### ENTRIES PROVIDED

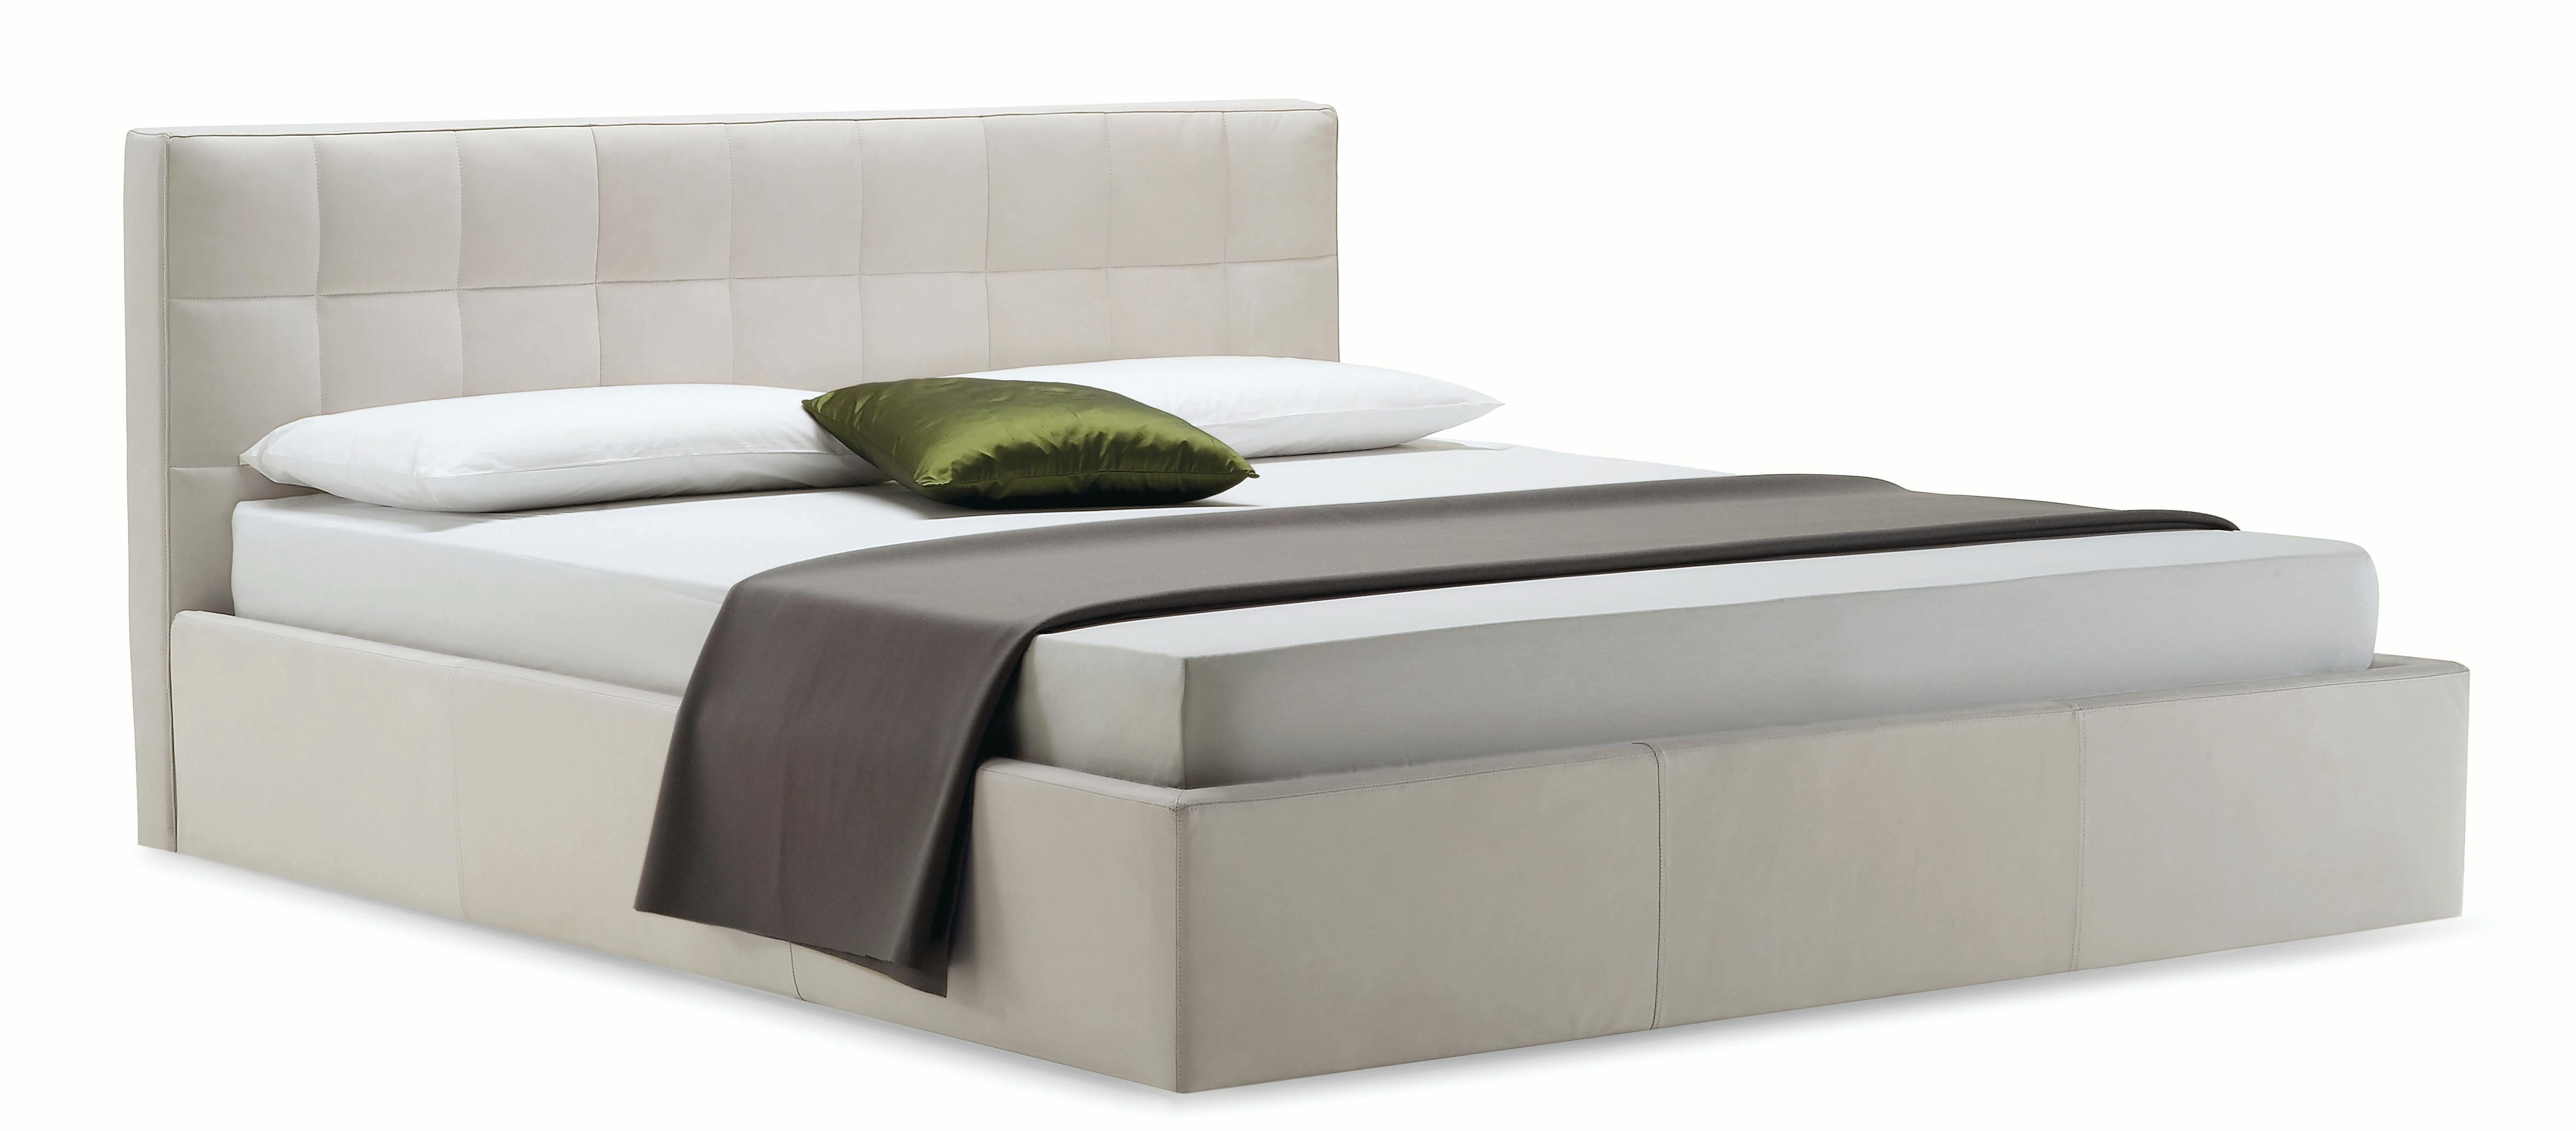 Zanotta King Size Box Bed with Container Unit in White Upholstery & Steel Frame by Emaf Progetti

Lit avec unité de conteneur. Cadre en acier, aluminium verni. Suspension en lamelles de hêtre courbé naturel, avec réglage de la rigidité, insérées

######
### ENTRIES PROVIDED

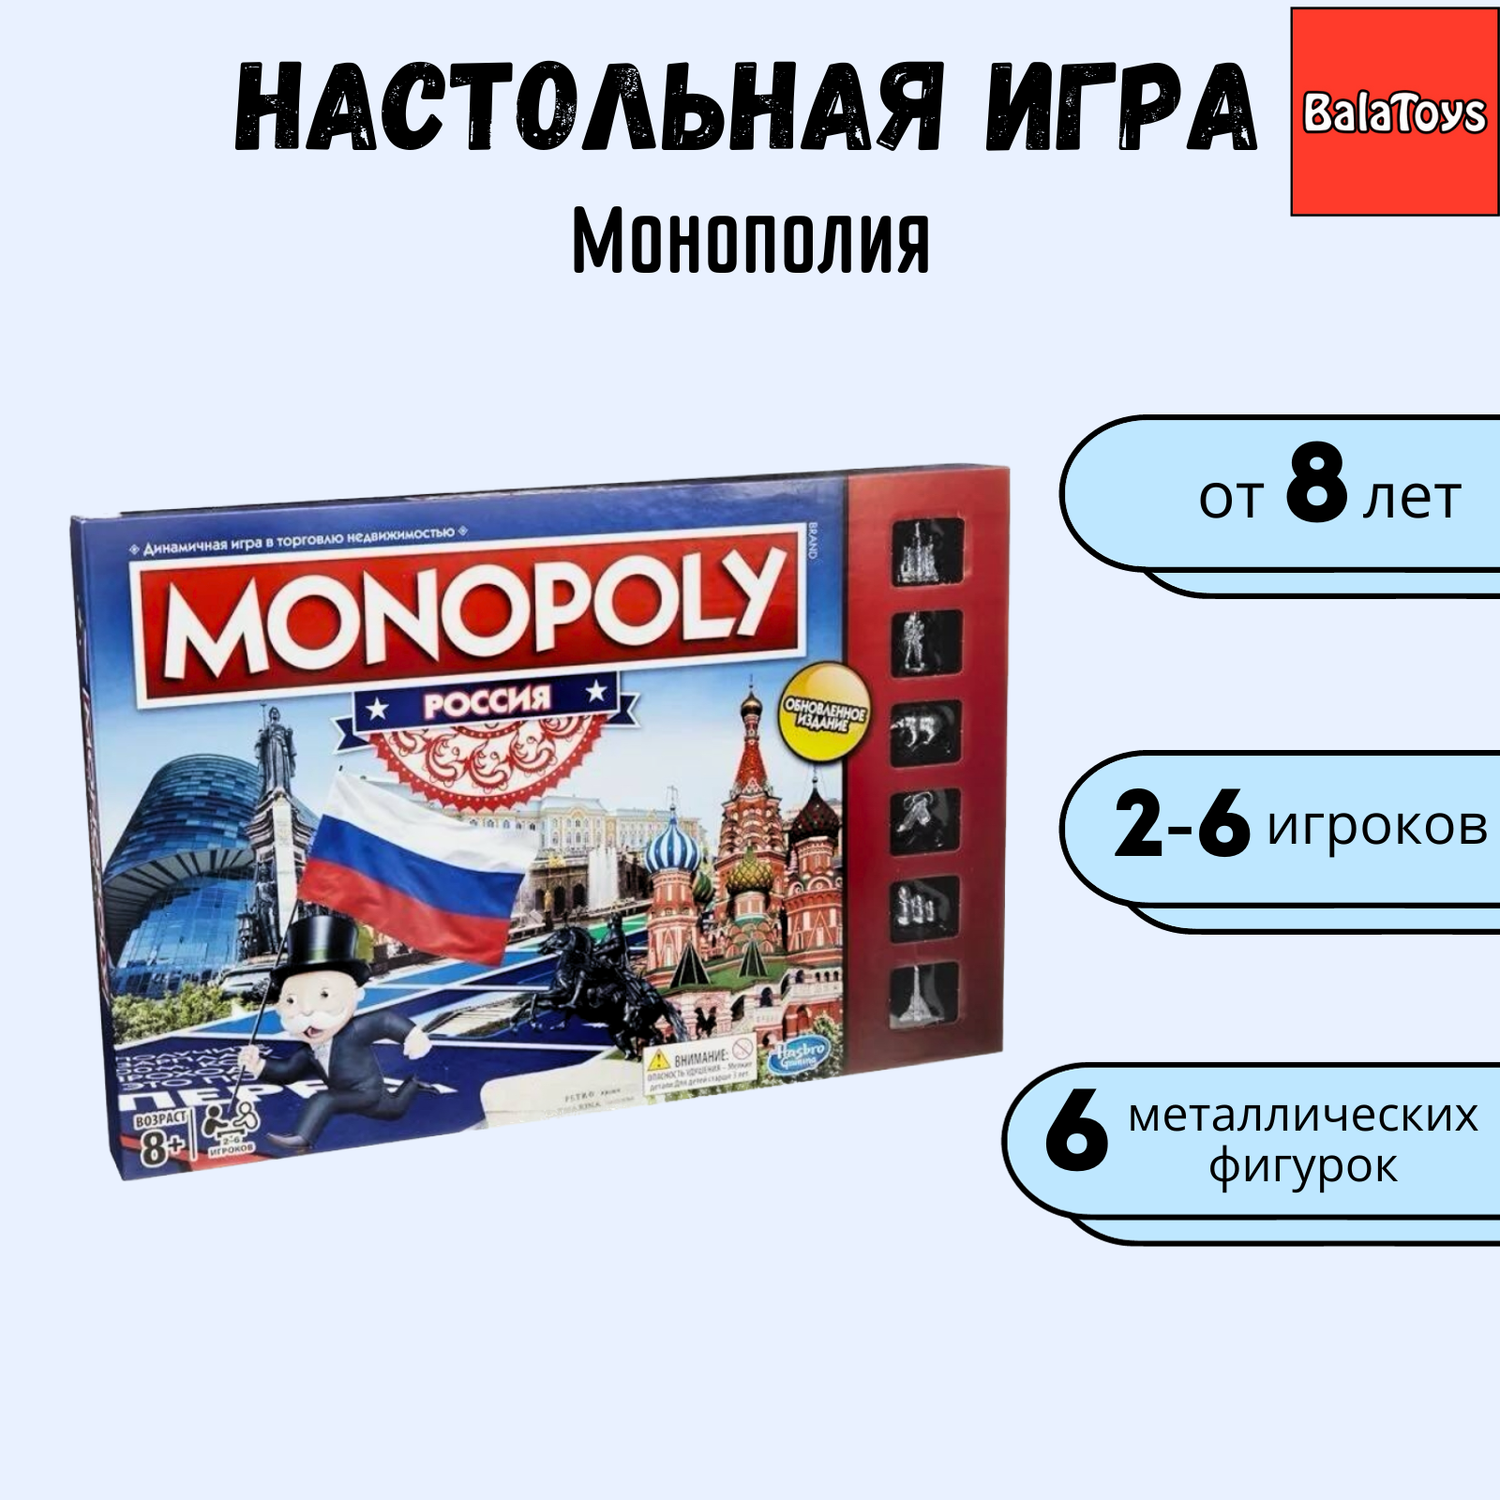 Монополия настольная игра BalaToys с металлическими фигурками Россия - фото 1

######

In the records above, find the line with "Zanotta King Size" and the line with "Lit avec unité", then restate word for word only those two lines and all lines between, omitting pictures.

WRITTEN RESPONSE —
 Zanotta King Size Box Bed with Container Unit in White Upholstery & Steel Frame by Emaf Progetti

Lit avec unité de conteneur. Cadre en acier, aluminium verni. Suspension en lamelles de hêtre courbé naturel, avec réglage de la rigidité, insérées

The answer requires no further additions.